Use search for exact terms and fast lookups. Use query for semantic questions, paraphrases, and ambiguous language.

Import local content

Register a directory:

bgng import ~/Documents/Notes --collection notes
bgng import ~/Projects/docs --pattern "**/*.{md,txt}"

Import a single file:

bgng import ./meeting-notes.md --collection notes

Single files are copied into ~/.bgng/<collection>/<basename> before indexing.
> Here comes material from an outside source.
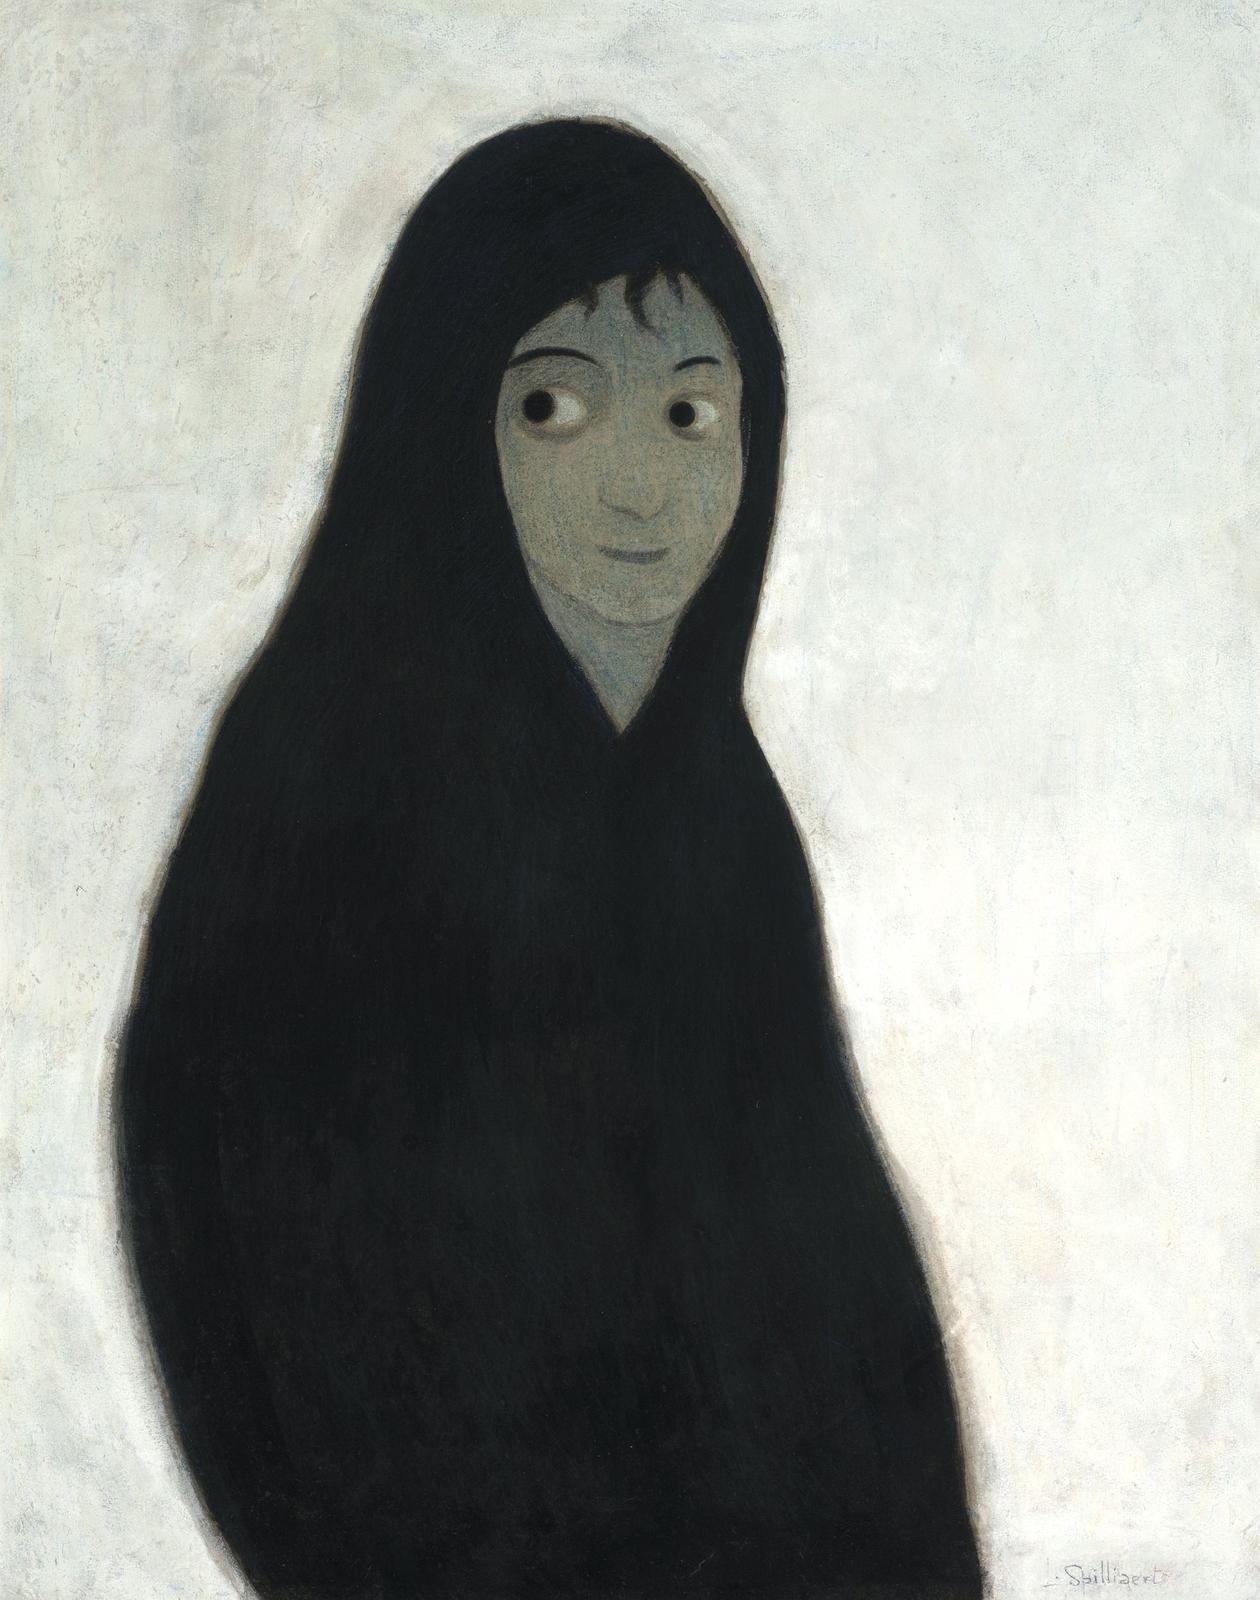 1913_Жена рыбака в черном платке на снегу (Wife of a fisherman in the black shawl in the snow)_89.5 х 70.5_бумага, пастель, тушь, цветные карандаши и мел.jpg

Directories are registered in-place.

Manage collections and context

bgng collection list
bgng collection add code ~/Projects/awesome --pattern "**/*.ts"
bgng collection add archive ~/Old --no-default
bgng context global "Personal knowledge base of transcripts, notes, and project docs"
bgng context set transcripts /ThePrimeagen "Primeagen videos about Rust, vim, and productivity"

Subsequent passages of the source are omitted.